Bab 6
Sudut Pandang Galen (Lanjutan)
Aku menatap matanya, dan kulihat kewaspadaan sekaligus kepasrahan di mata ungu itu. Seolah-olah dia sudah tahu apa yang akan kami tanyakan, dan sudah siap menjawab, tapi tidak berharap kami akan percaya padanya. Entah kenapa, itu membuatku sedih. Dia tampak begitu kesepian. Tapi kalau memang Darien pacarnya, kenapa dia justru terlihat begitu bahagia melihat Darien bersama serigala betina lain?
Ini sama sekali tidak cocok dengan gosip yang beredar tentangnya. Aku punya firasat, hari ini, tabir mengenai serigala betina ini akhirnya akan tersingkap, setidaknya bagi kami. Ada aura yang berbeda darinya, yang tidak kusadari sebelumnya, seolah dia adalah seseorang yang harus kuhormati; jika dia memberi perintah, perintah itu harus dipatuhi. Akhirnya, dengan harapan tidak menyakiti hatinya, aku pun bertanya.
"Gosipnya bilang kalian berdua pacaran. Tapi, melihat kejadian barusan, aku jadi ragu itu benar.
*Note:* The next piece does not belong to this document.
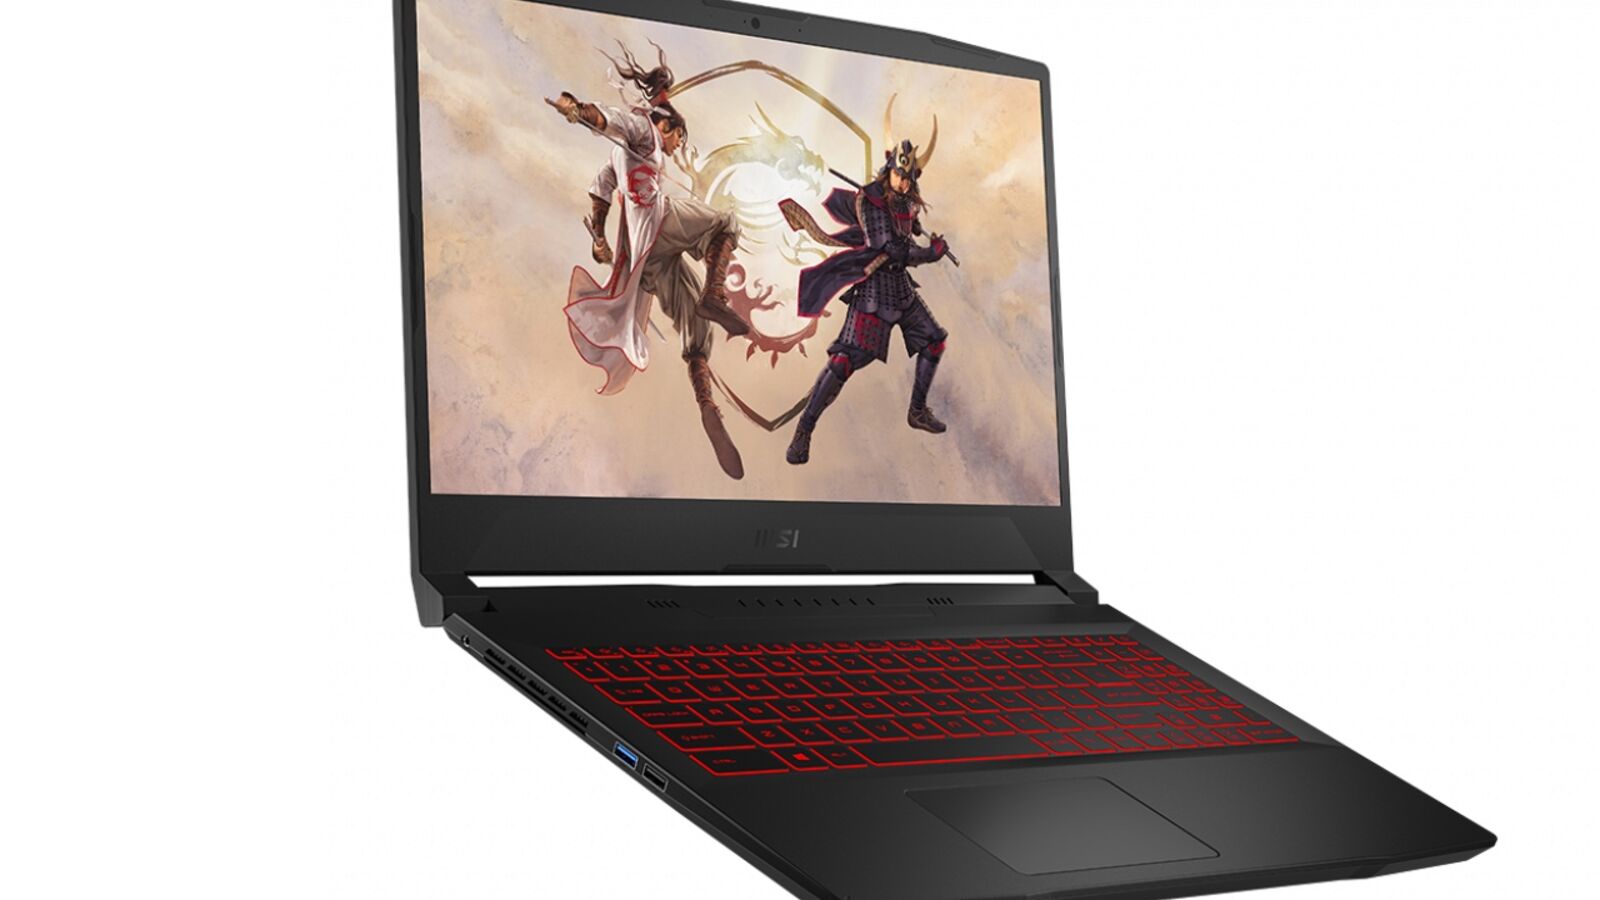 Save £400 on this MSI Katana gaming laptop with an RTX 3070

Banyak sekali gosip tentangmu, dan tidak ada satu pun yang bagus." Aku berhenti sejenak. Dia hanya berdiri di sana dengan ekspresi sabar di wajahnya.
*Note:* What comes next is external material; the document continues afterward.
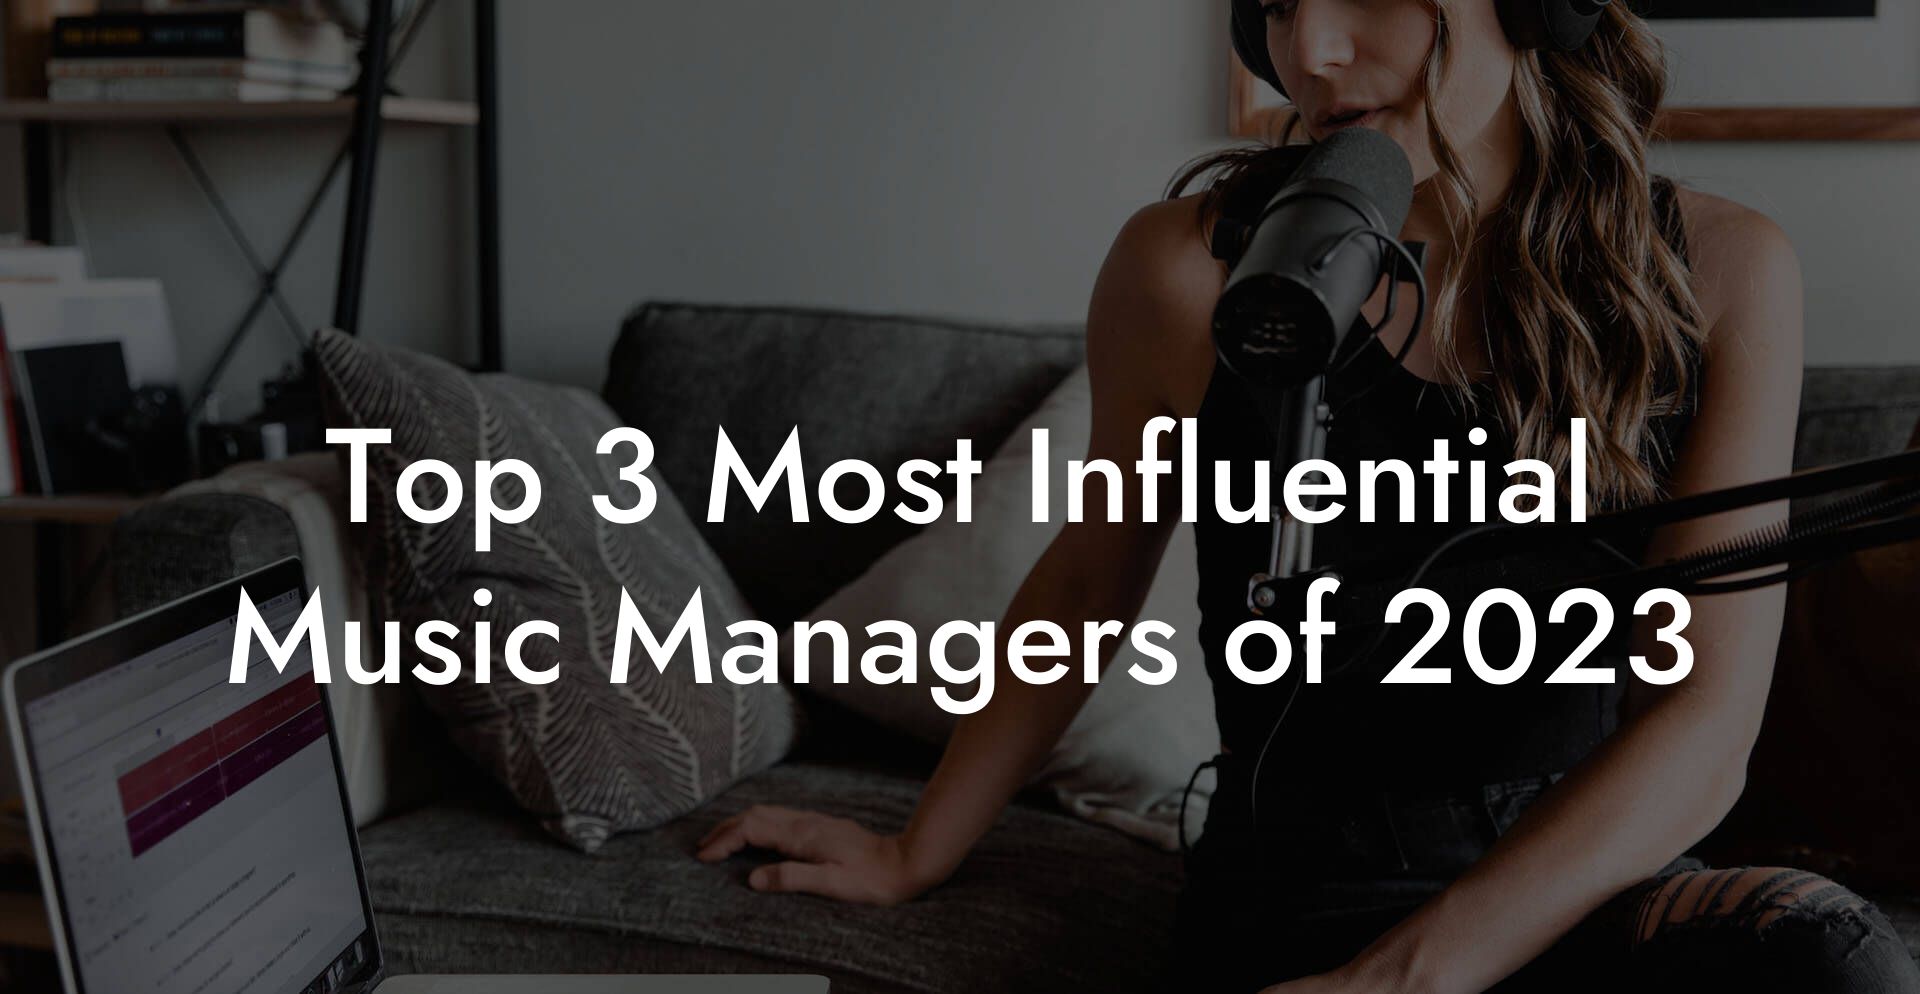 Top 3 Most Influential Music Managers of 2023

Maka aku melanjutkan pertanyaanku. "Tapi, aku pribadi pernah melihat si Jalang Sarah dan gengnya menyebarkan beberapa gosip itu. Aku juga pernah melihatmu menolak banyak sekali pejantan, bahkan salah satunya lebih kasar dari yang lain saat dia mulai kurang ajar. Jadi, dua kejadian itu membuatku yakin beberapa, kalau bukan semua, gosip itu omong kosong belaka." Aku menyelesaikan kalimatku dan menunggu.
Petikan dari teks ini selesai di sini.